Heat Theory 4 Modelling

Maxwells distribution model has to be linked to the ideal gas laws, the Euler fluid dynamic equations, the Bernoulli principle , and to the Navier stokes equations and the Ed Lorenz equations. But it seems prudent to start with Newtons fluid dynamics to gain a better understanding of how this model displays information for cogitation. We also need to look at Gauss derivation and Boltzmans to see what the original models were.

I also want to radicalise the notion of mercury temperature. Mercury is used to measure both pressure and temperature. We are quite able to measure radiant light as temperature, and perhaps should move to this frequency based measure. Thermometer temperature should be retailed to measure heat pressure or expansion of a material in proportion to the heat it has retained. This would be a ratio of the amount of pressure the mercury exudes compared against the amount of pressure the material exudes and proportioned by the amount of heat given to the material.

I would like to do a Bernoulli like heat flow experiment using this concept.mheat pressure can be measured st uSing heat pressure concept at one end, in a thiner portion of material in the middle and a large lump at the other end.

Now Maxwells distribution is a simple relationship. I expect that there will be a variety of velocities in space. How do I find out what they are!
I stick a kite in the wind and se how it flies! Or I watch a snowflake move .
So if I want to model the velocities in a region I do the same thing.
Today I can get a pretty much instantaneous velocity distribution by radar measurement of test probes in my given space. Maxwell of course did not have that so he tried for a general method that would allow him to take boundary measurements to generate a fictional model of what the internal distribution was like. All he could do was calculate a 3d:distribution from a set of 2 d distributions. He could not be specific, only general. At the same time it imposed a restrictive probability distribution condition on the measurements. The only use of such a method is to inspire others on to tackle the more complex situations. This analysis would not help give specific results only very general relationships that might be next to useless.

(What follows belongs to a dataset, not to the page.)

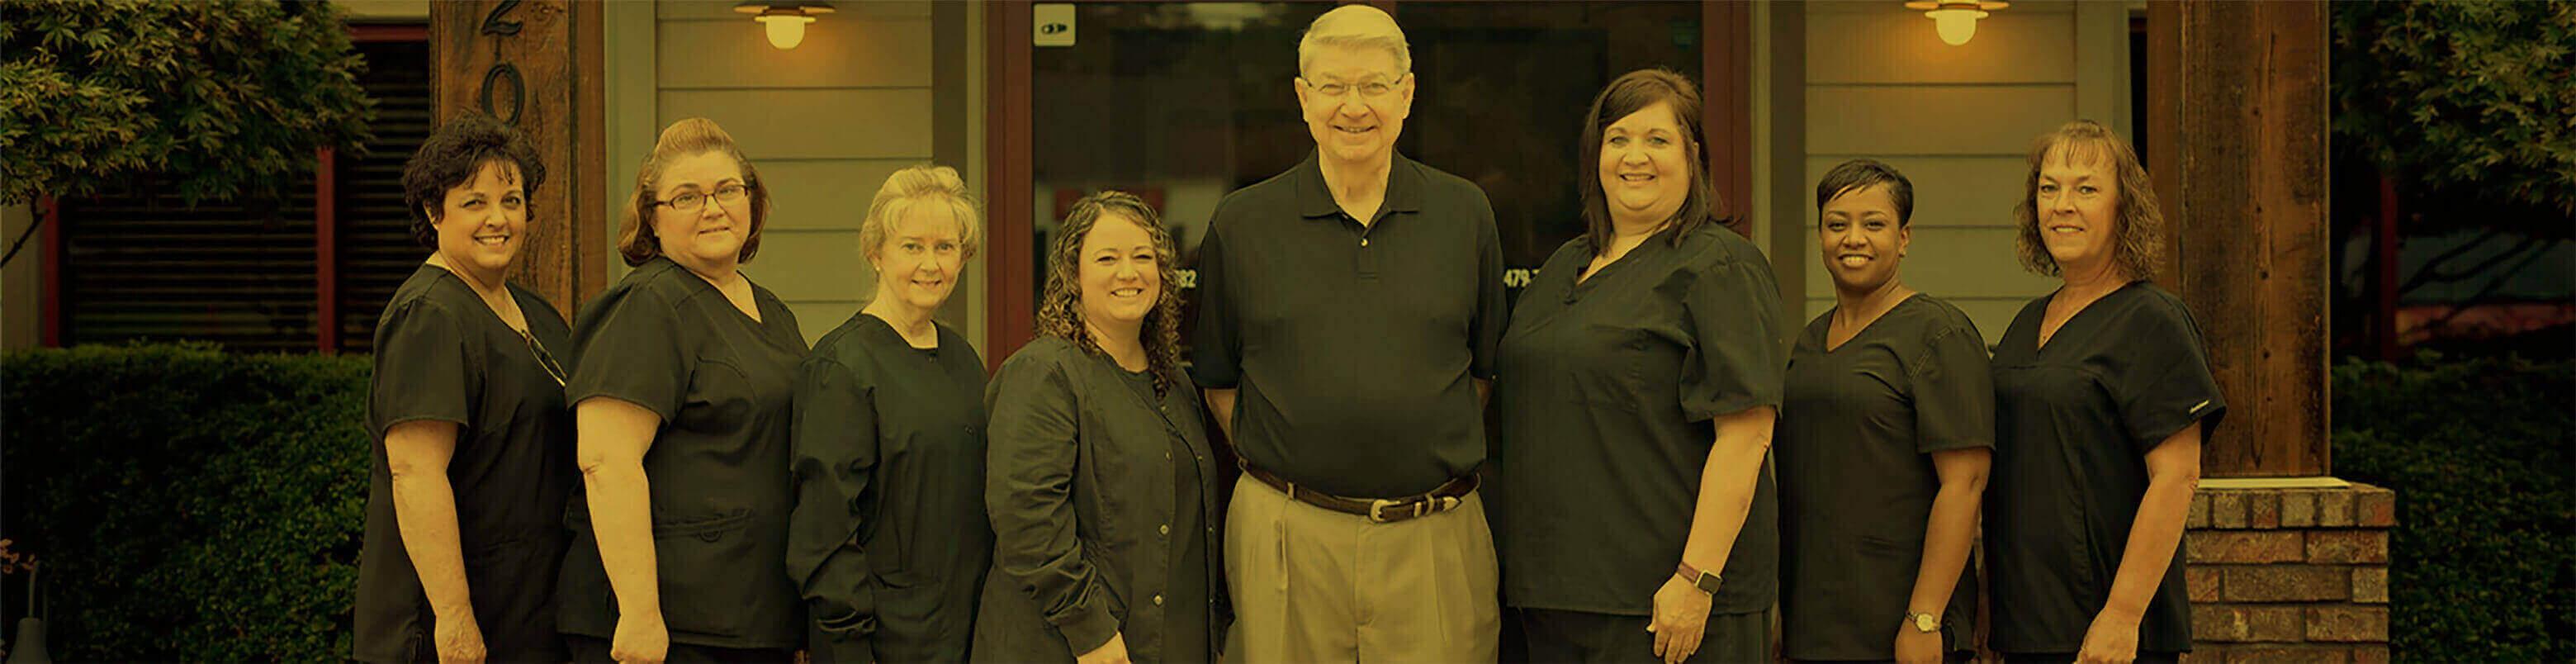 dental team photo in in Fort Smith Arkansas

However, tables of data now had a design principle which provided a paradigm for compiling data. On the way quantitative data changed, how it was collected, presented and interpreted. Thus Data piled up while mathematics struggled. The demand for computational machines was growing exponentially.

The only note able success of this distribution was in the Kelvin kinetic theory of Gases

http://en.wikipedia.org/wiki/Heat_capacity
http://en.wikipedia.org/wiki/Gaussian_distribution

One of the reasons the distribution became so influential is because of Fouriers Transform. Kelin had fallen in love with it and applied it as Isley as he could. He could apply it to Maxwells distribution, greatly complicating it's essential simplicity, but making it more accessible to computation and data input! The actual data could be arranged to provide the probability distributions required to calculate the solutions. This introduced frequency and amplitude into the data description and laid the ground for psi the state function of quantum mechanics. In the mean time fluid dynamics was ignored for tis kind of mathematical research and physical treatment.

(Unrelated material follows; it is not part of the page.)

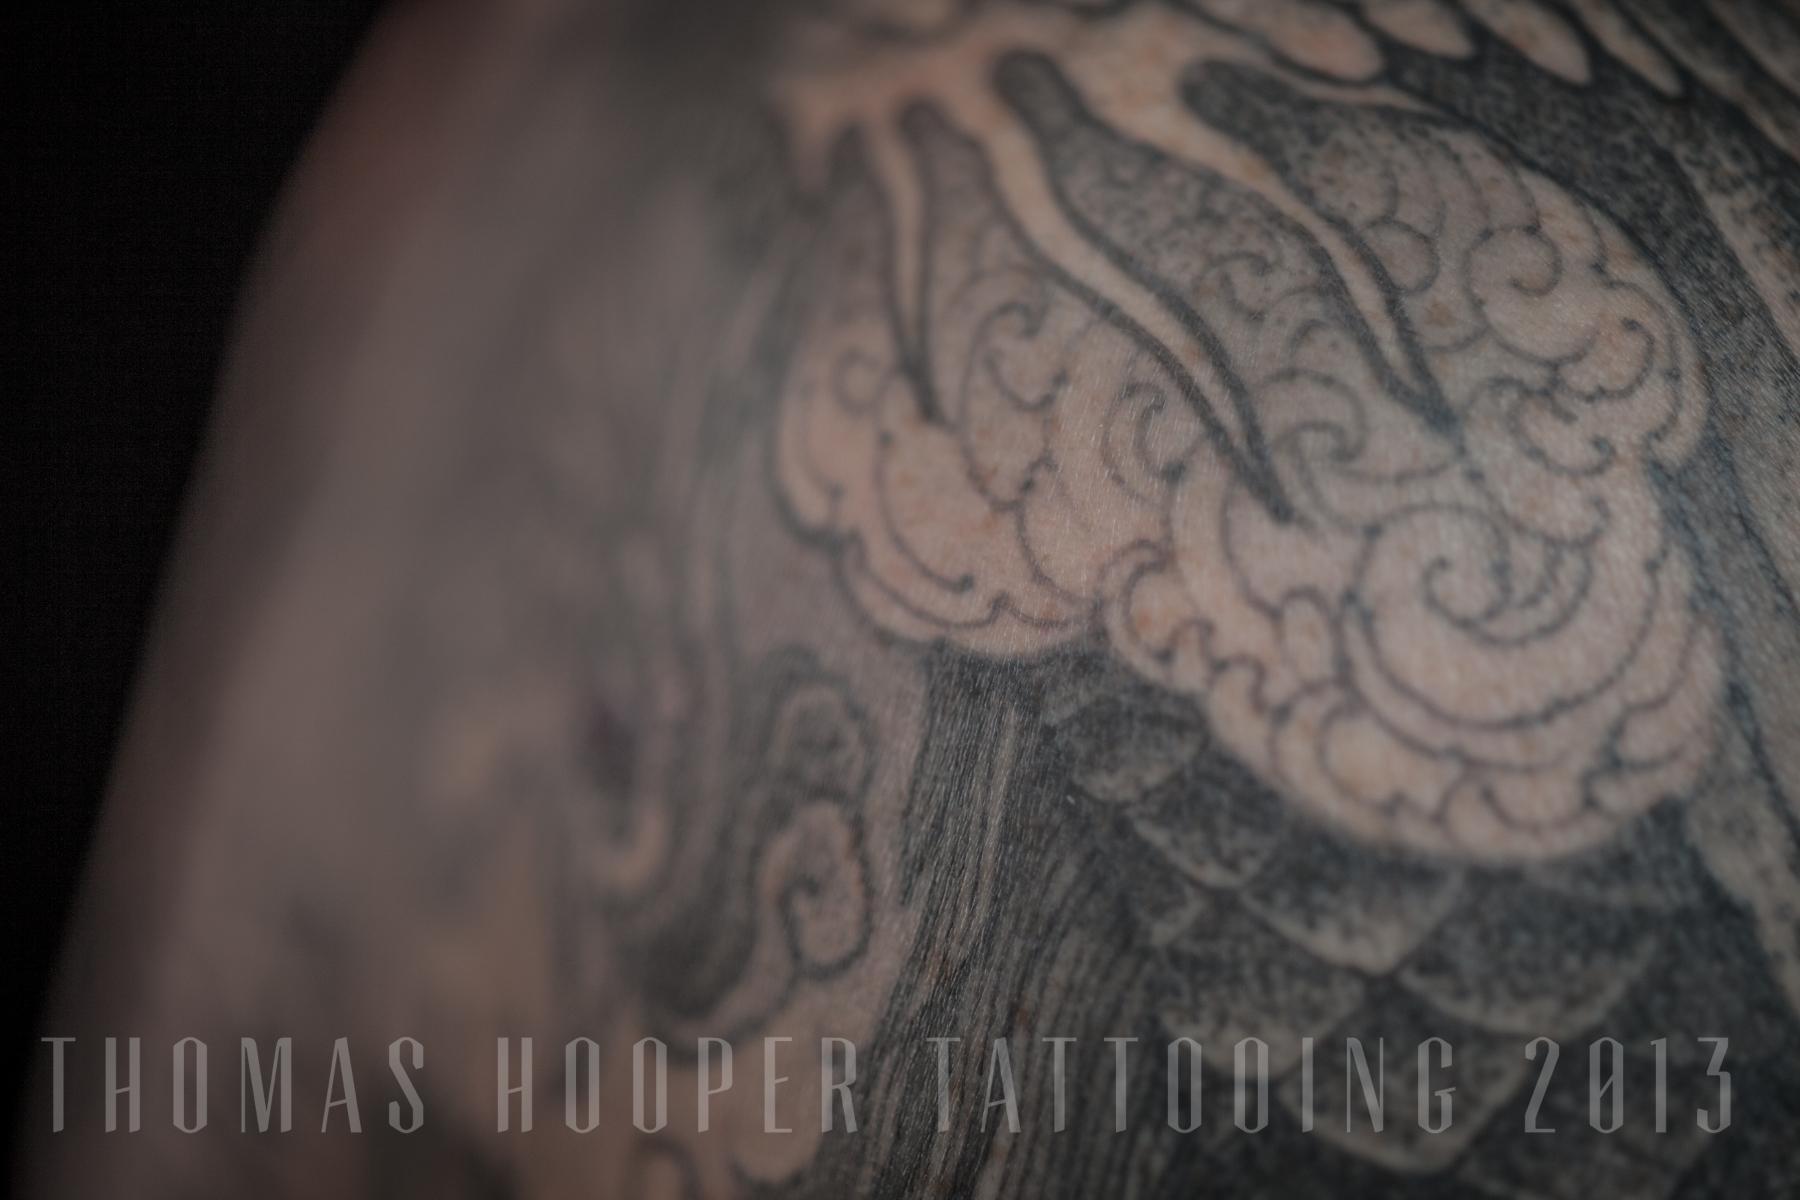 5b1b6a5c1 ... Hooper Tattooing Pheonix and Mandala Full Sleeve _10Thomas Hooper  Tattooing Pheonix and Mandala Full Sleeve _11Thomas Hooper Tattooing  Pheonix and ...

I have to point out again, this distribution only models an existing "structural" relationship of uantities , it does not allow extrapolation, only interpolation. The Fourier transform emphasises this because along with polynomial interpolation it was one of the standard methods of interpolation.

This flurry of ideas and mathematical advance belies the fact that physically No ADVANCE was being made. Mathematicians were advancing there understanding of these interpolation forms and relationships , getting used to using these strange restrictions to model relationships, but no one was actually understanding how fluids flow, gases flow, materials behave as a system of particles or light , electricity and or magnetism were incorporated.

The only advance came through empirical data and observation. Faraday provided a rich source of this and theoreticians like Maxwell tried to use the new Mathematical techniques to Model the data. Maxwell went back to fluid mechanics and the Navier Stokes Equations. In the meantime Helmholtz had tried to model the perfect fluid?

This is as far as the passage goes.